WASHINGTON-Weaknesses in Customs and Border Protection programs designed to prevent weapons of mass destruction from entering U.S. seaports are “unacceptable” and could have major implications for national security, Senator Joe Lieberman, D-Conn., Ranking Member of the Senate Homeland Security and Governmental Affairs Committee, said Thursday.

Reports by the Government Accountability Office found serious gaps in container security procedures in the Customs-Trade Partnership Against Terrorism (C-TPAT) and the Container Security Initiative (CSI) programs, and the HSGAC Permanent Subcommittee on Investigations heard testimony Thursday from U.S. Customs and Border Protection Commissioner Robert Bonner on the challenges of both programs and their impact on homeland security.

Shortly after 9/11, when he was Chairman of the then Governmental Affairs Committee, Lieberman called a hearing on the topic of port security and advocated that the federal government, in partnership with state and local governments and the private sector, devote adequate resources to protecting the nation’s ports against the threat of terrorism.

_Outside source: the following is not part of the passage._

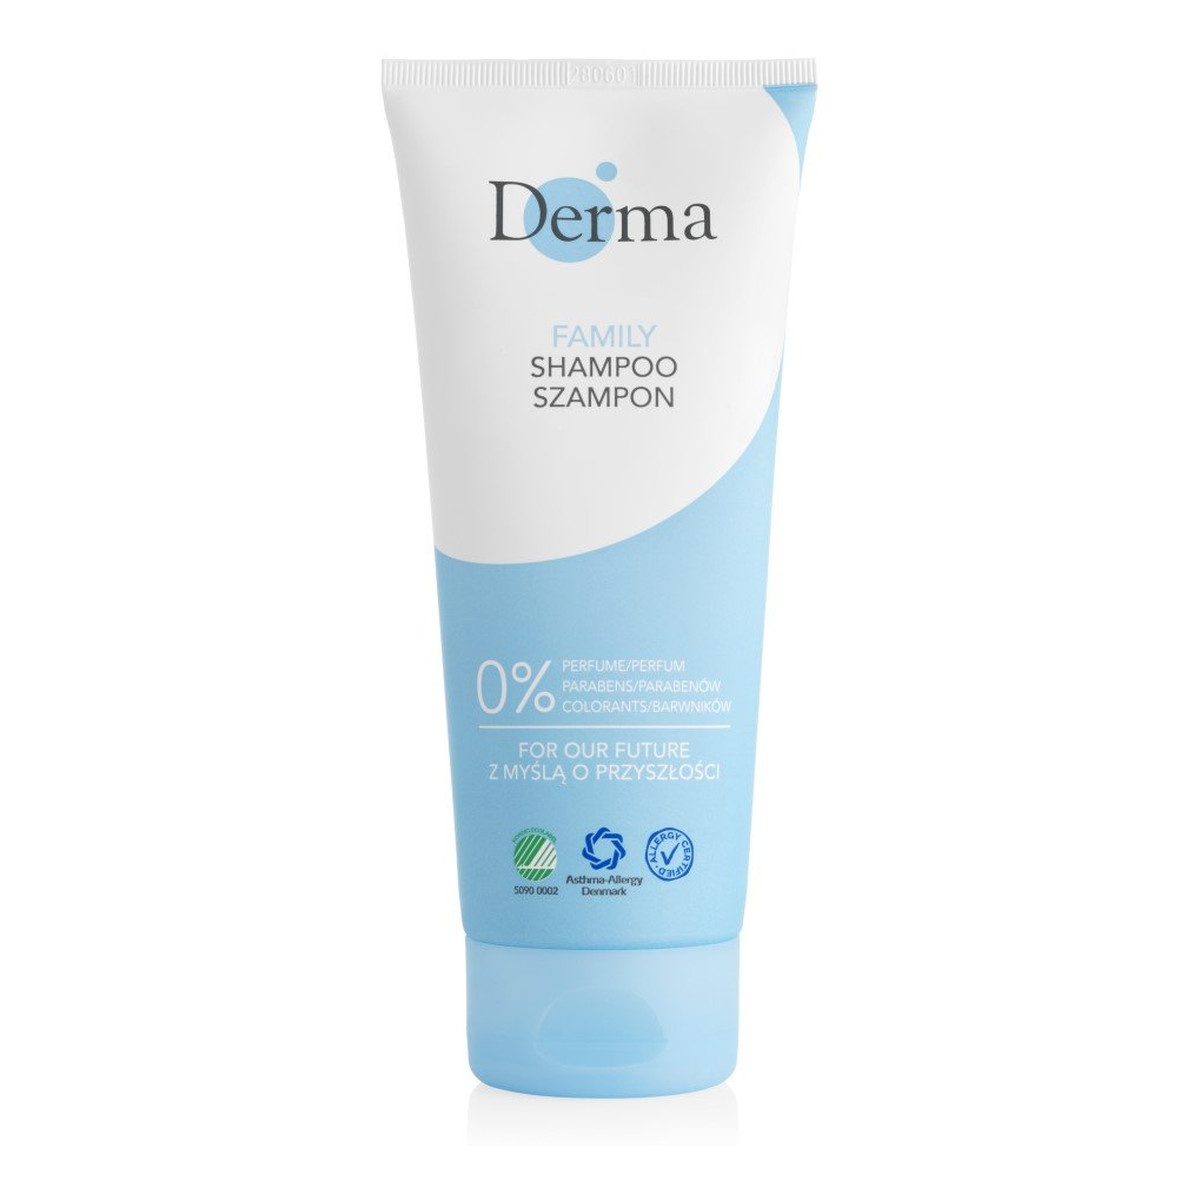 Derma Family shampoo szampon do włosów 200ml

“Three and a half years later, our vulnerability appears to be only slightly lessened, and the two primary programs designed to protect our shipping lanes are understaffed, poorly managed and operating with minimum effect,” Lieberman said. “The Container Security Initiative and the Customs-Trade Partnership Against Terrorism are well-intentioned programs that, if run properly, would make us safer. But these GAO reports are genuinely disturbing, and the success rate of these programs in inspecting containers is unacceptably low.”

Among the findings of the reports:

Companies are not required to prove voluntary claims that their goods and containers meet security standards, and such claims are often not verified. According to documents provided to the committees, only seven percent of importers certified as C-TPAT members have been verified as secure by Customs.

The CSI program, which identifies suspicious containers while they are overseas and requires inspectors to unload the container or run them through radiation detectors, was found to inspect only 17.5 percent of containers deemed high-risk because foreign ports were either unwilling to perform the inspections or did not have enough staff.

Of the importers participating in the C-TPAT program, 94 percent can avoid inspections after submitting minimal paperwork, and containers are rubber stamped before the agency has determined whether the inspection equipment is effective.

The GAO reports were requested by Lieberman, HSGAC Chairman Susan Collins, PSI Chairman Norm Coleman and Ranking Member Carl Levin, and Congressman John Dingell, Ranking Member of the House Energy and Commerce Committee.